CN218938631U - 500 ten thousand pixel machine vision focusing lens - Google Patents

Abstract

The application relates to the field of lenses, in particular to a 500-ten-thousand-pixel machine vision focusing lens, which comprises a shell, a fixed focus group and a focusing group, wherein the fixed focus group and the focusing group are sequentially arranged in the shell; the fixed focus group comprises a first lens element, a second lens element, a third lens element, a fourth lens element and a fifth lens element which are sequentially arranged; the focusing group comprises a diaphragm, a sixth lens element, a seventh lens element and an eighth lens element which are sequentially arranged; the side of the first lens element away from the second lens is an object plane; the side of the eighth lens element far away from the first lens element is an image side; the diaphragm is arranged between the fifth lens element and the sixth lens element; the focusing group can reciprocate towards a direction approaching to or away from the fixed focus group.

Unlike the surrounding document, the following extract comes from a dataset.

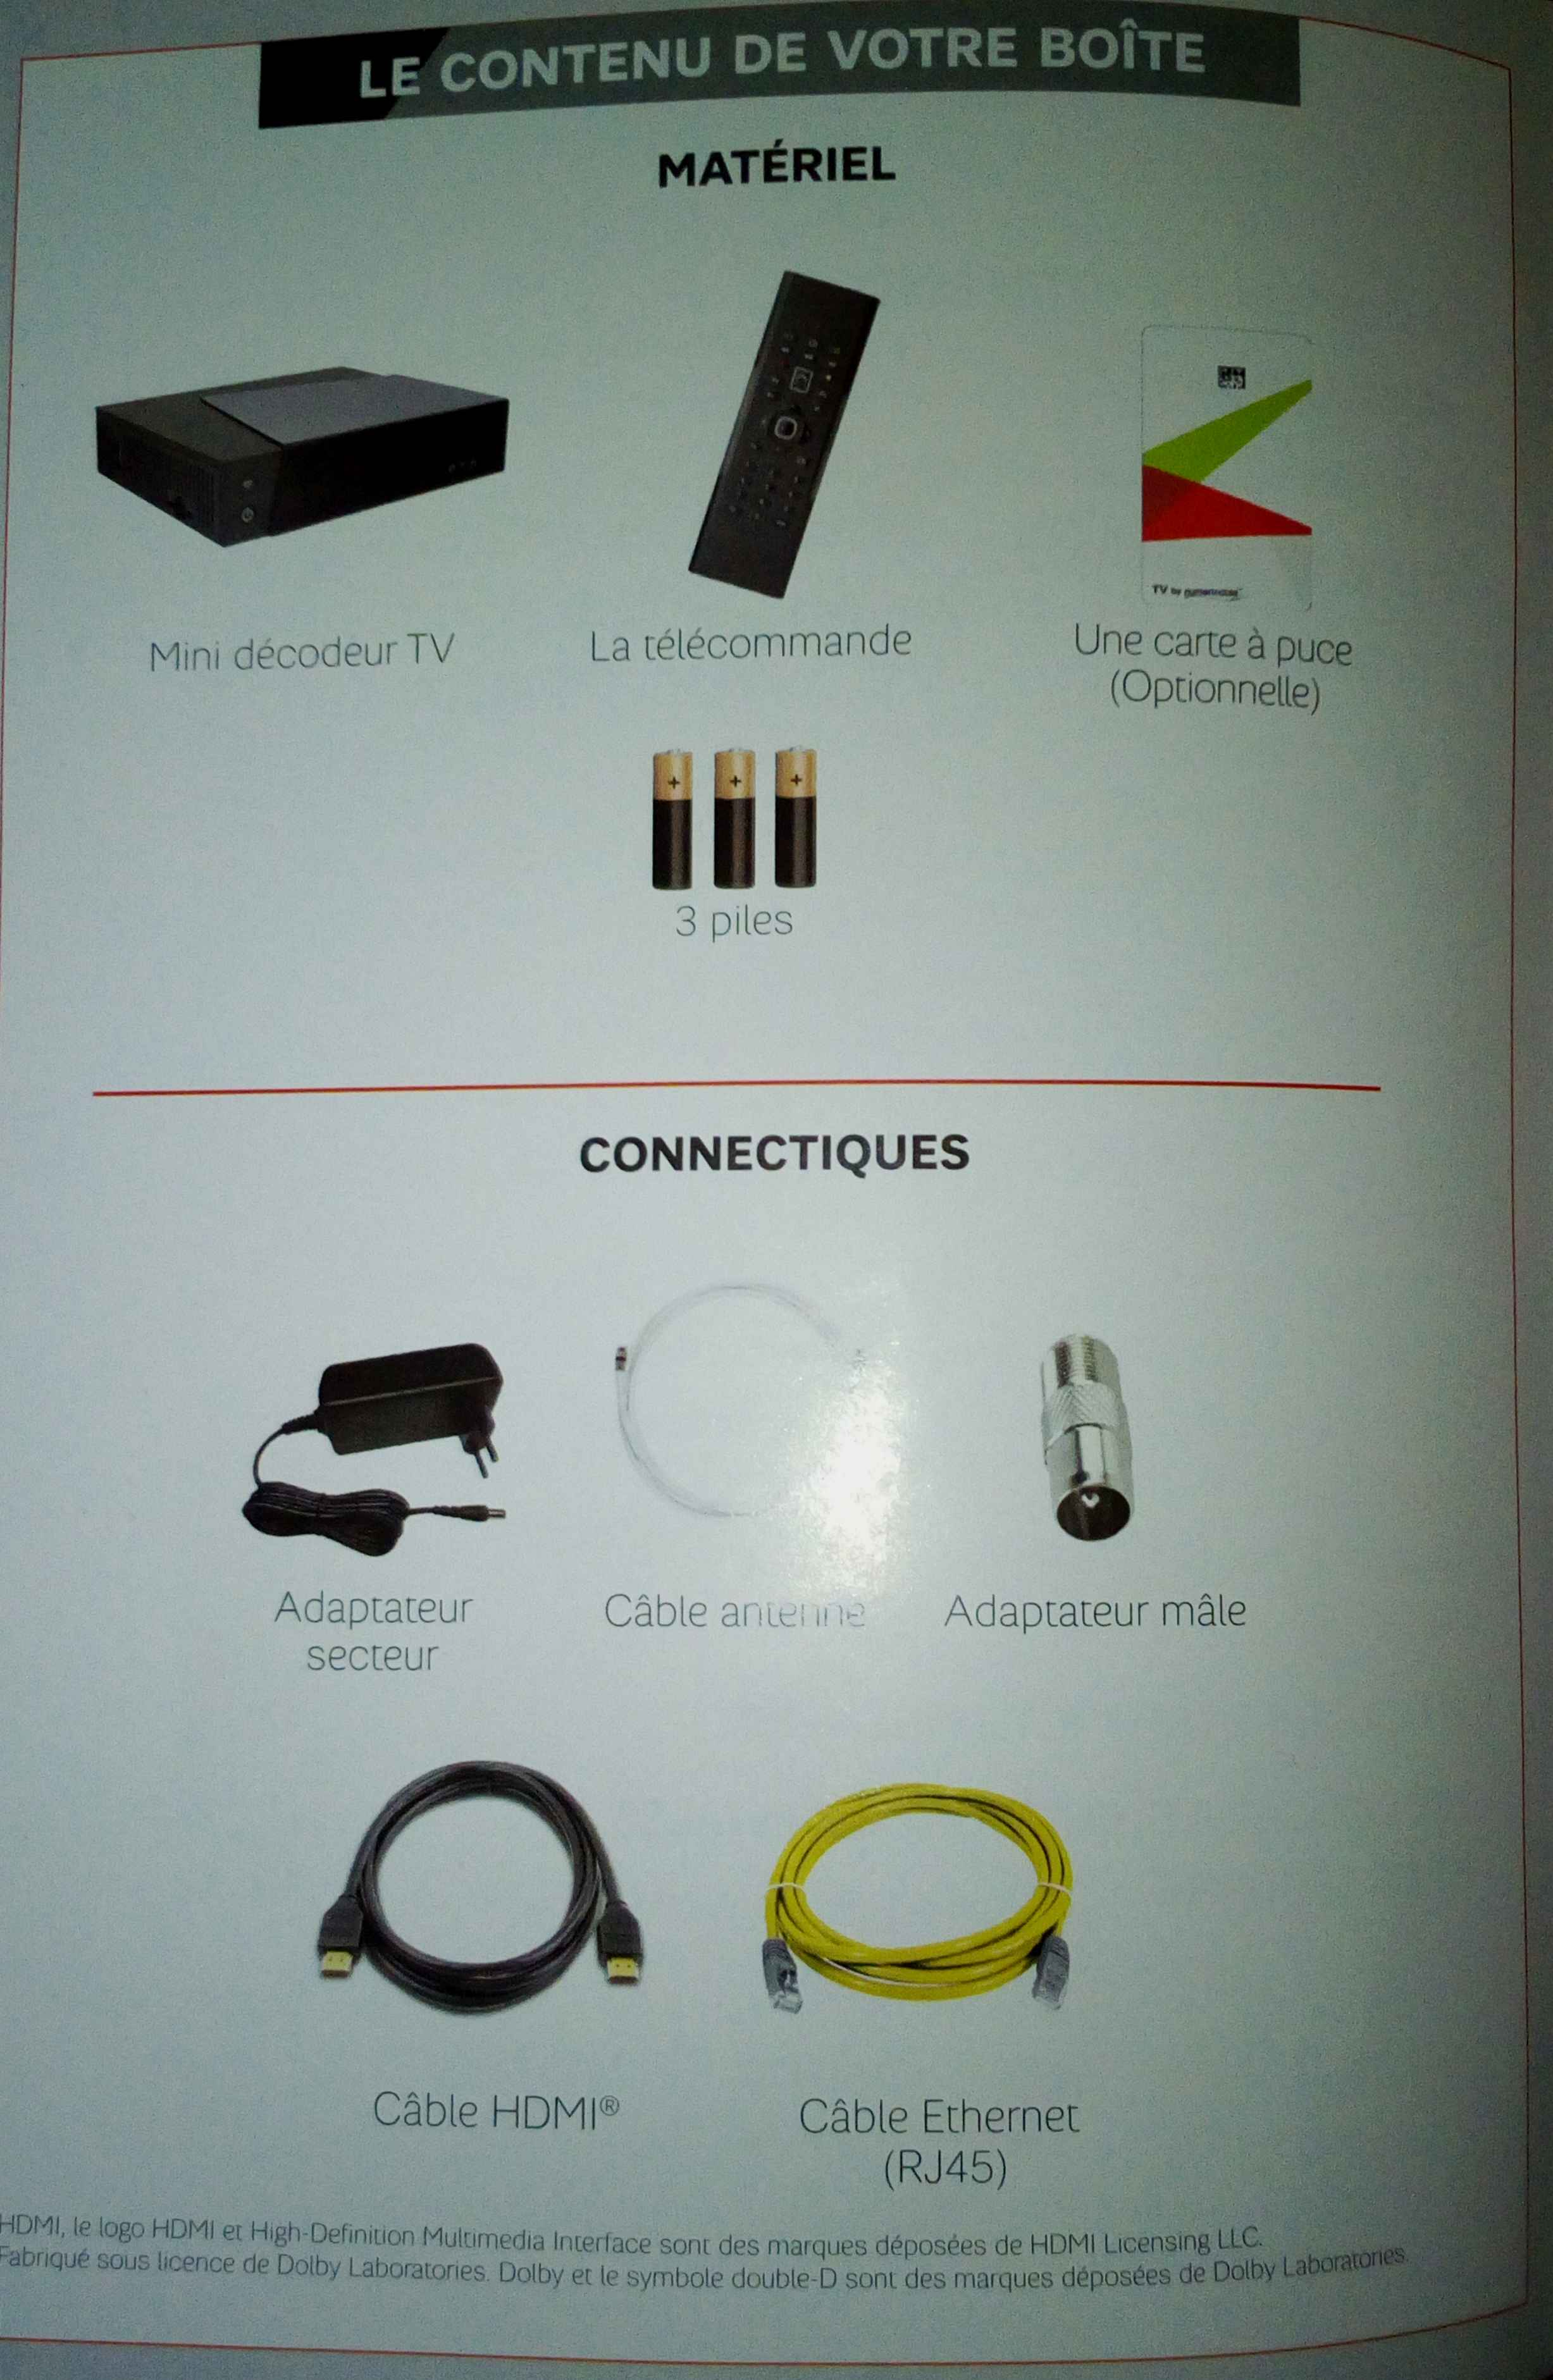 r solu red by sfr retours materiel liste assistance. Black Bedroom Furniture Sets. Home Design Ideas

The lens has the effect of improving the adaptability of a single lens to various working distances so as to reduce the research and development cost.

Description

500 ten thousand pixel machine vision focusing lens

Technical Field

The application relates to the field of lenses, in particular to a 500-ten-thousand-pixel machine vision focusing lens.

Background

With the upgrading and upgrading of industrial products in recent years, industrial automation technology in China is gradually formed, and the original labor-intensive industry is converted into high-tech and high-value industrial industry, wherein machine vision is a branch in industrial robots and is mainly applied to industrial detection, industrial measurement and 3D imaging.

The main application of the industrial lens is as follows: various nitre materials with different refractive indexes are ground and processed into high-precision curved surfaces, and then the lenses are combined, so that the design lens is realized.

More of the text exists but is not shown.